Sep 9 2010

Switzerland Reaffirms that Poker is a Game of Luck

written by: Haylie under News Comments: Comments Off

Several months ago, the Supreme Court of Switzerland passed down a ruling that poker was not primarily a game of skill, but rather a game of luck. This week, this same ruling was also upheld by the powerful governing council of Switzerland, the Federal Council. This is a big deal in the small country as this means that, based on Swiss law, real money poker play is illegal outside of an approved casino. However, in addition to upholding this ruling by the Swiss Supreme Court, the Federal Council did apply some clarification to allow for lenience on Swiss gambling law in regards to poker play.

One of the conditions placed on the ruling was that non-professional games played in someone’s home - such as a Friday night game of real money poker between a few friends – would still be legal under Swiss law. However, it would be illegal for a bar to host a real money poker tournament, even if the establishment did not directly profit from the event. Another entity that the Swiss ruling does not touch is the practice of online poker play for real money.

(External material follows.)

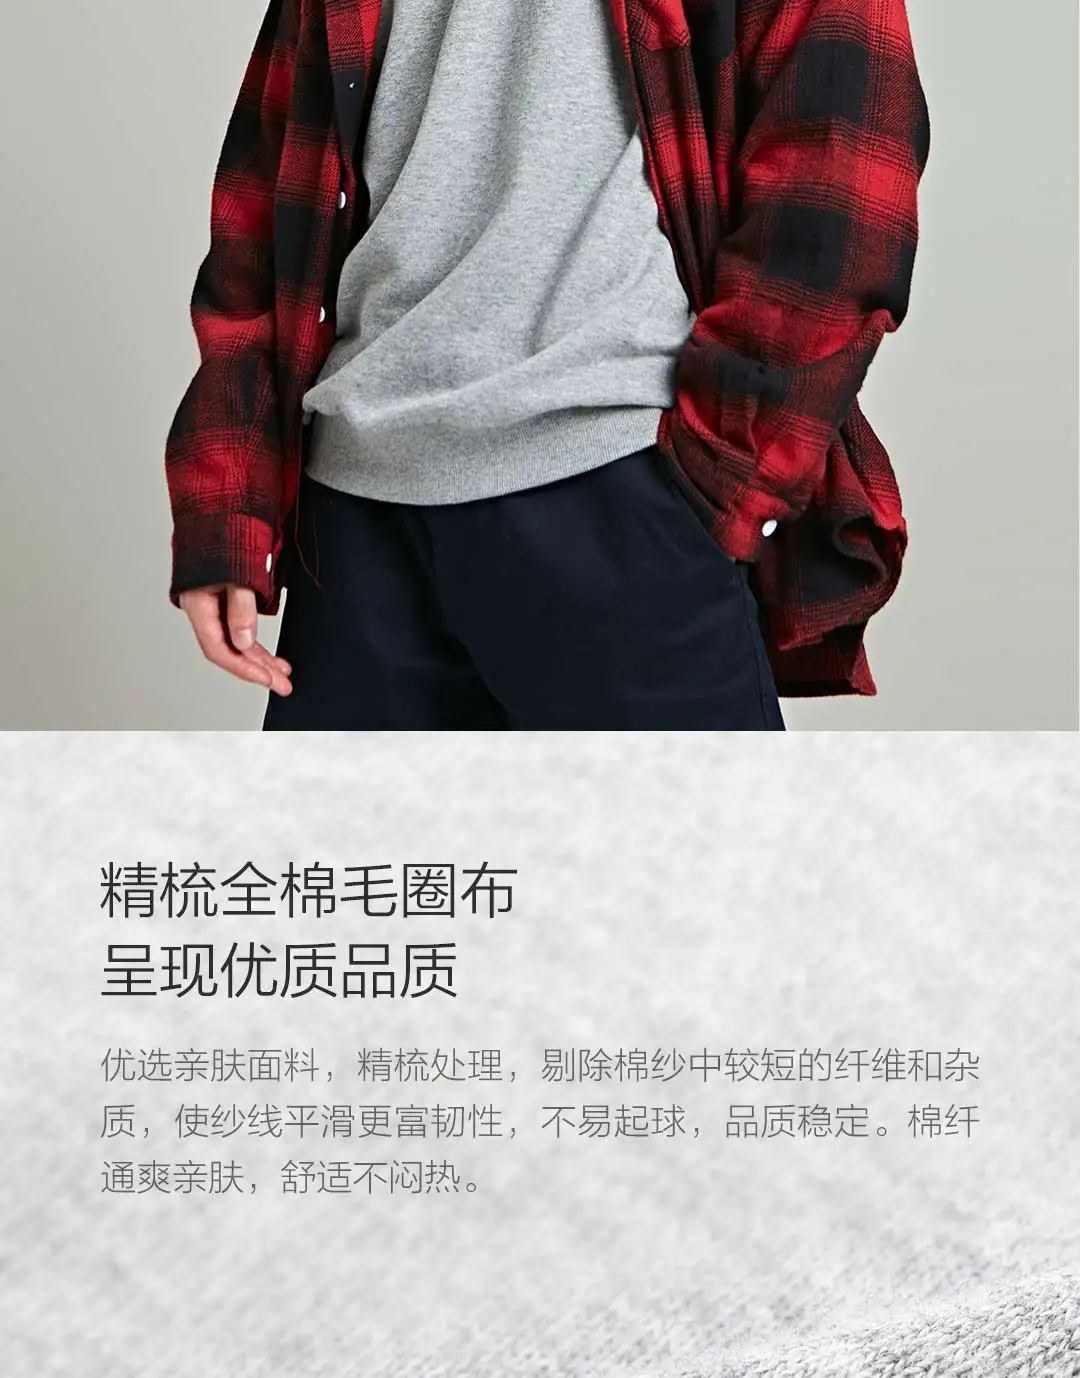 5 цветов Xiaomi Mijia MITOWNLIFE классический свитер с круглым вырезом из чесаного хлопка мягкий освежающий легко брать
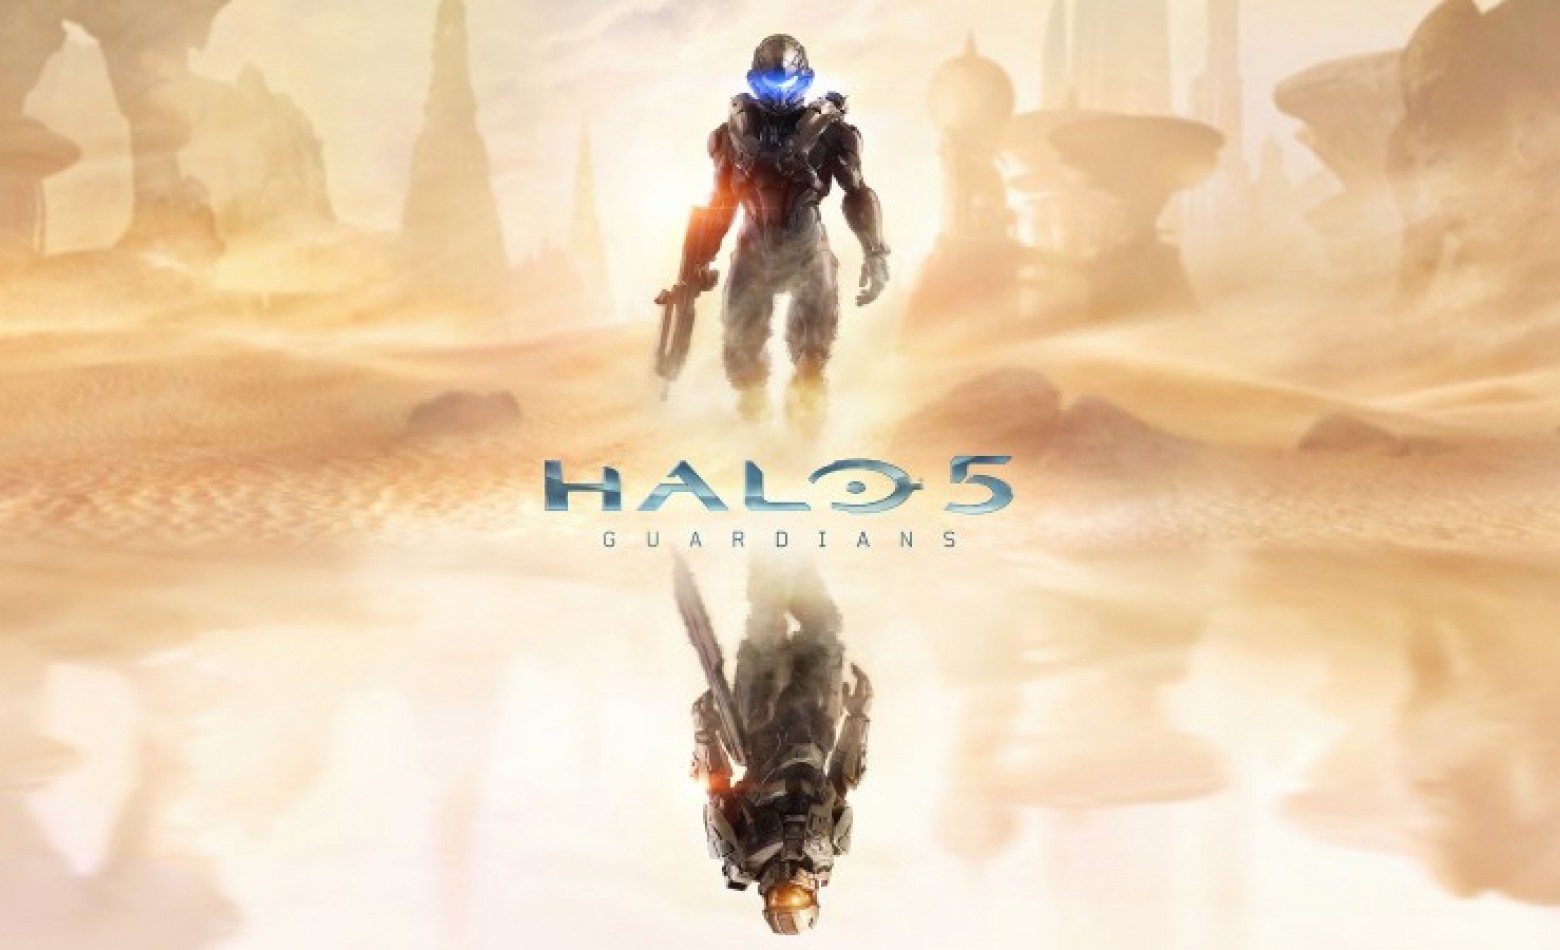 Protagonista de Halo 5 será completamente novo

While online poker players from Switzerland can let out a sigh of relief for now, there is a looming problem with this ruling that is concerning many online poker professionals and casual players alike. With the passage of this law, Switzerland has now taken a stance on the idea of gambling outside of a casino - something that they all but ignored before. In addition, classifying poker as a game of luck further causes problems for possible further laws that might seek to further limit the play of real money poker outside of casinos.

One of the reasons why this ruling came down was that casinos registered complaints that, due to poker tournaments held outside of their establishments, they were losing money in their poker rooms. While this would normally seem to fall under the “tough luck” category, Swiss casinos directly contribute to the country’s taxes. Because of this, the Swiss Supreme Court recognized the urgency of the ruling and the Federal Council agreed that the necessary tax revenue could not be diminished by private professional poker tournaments.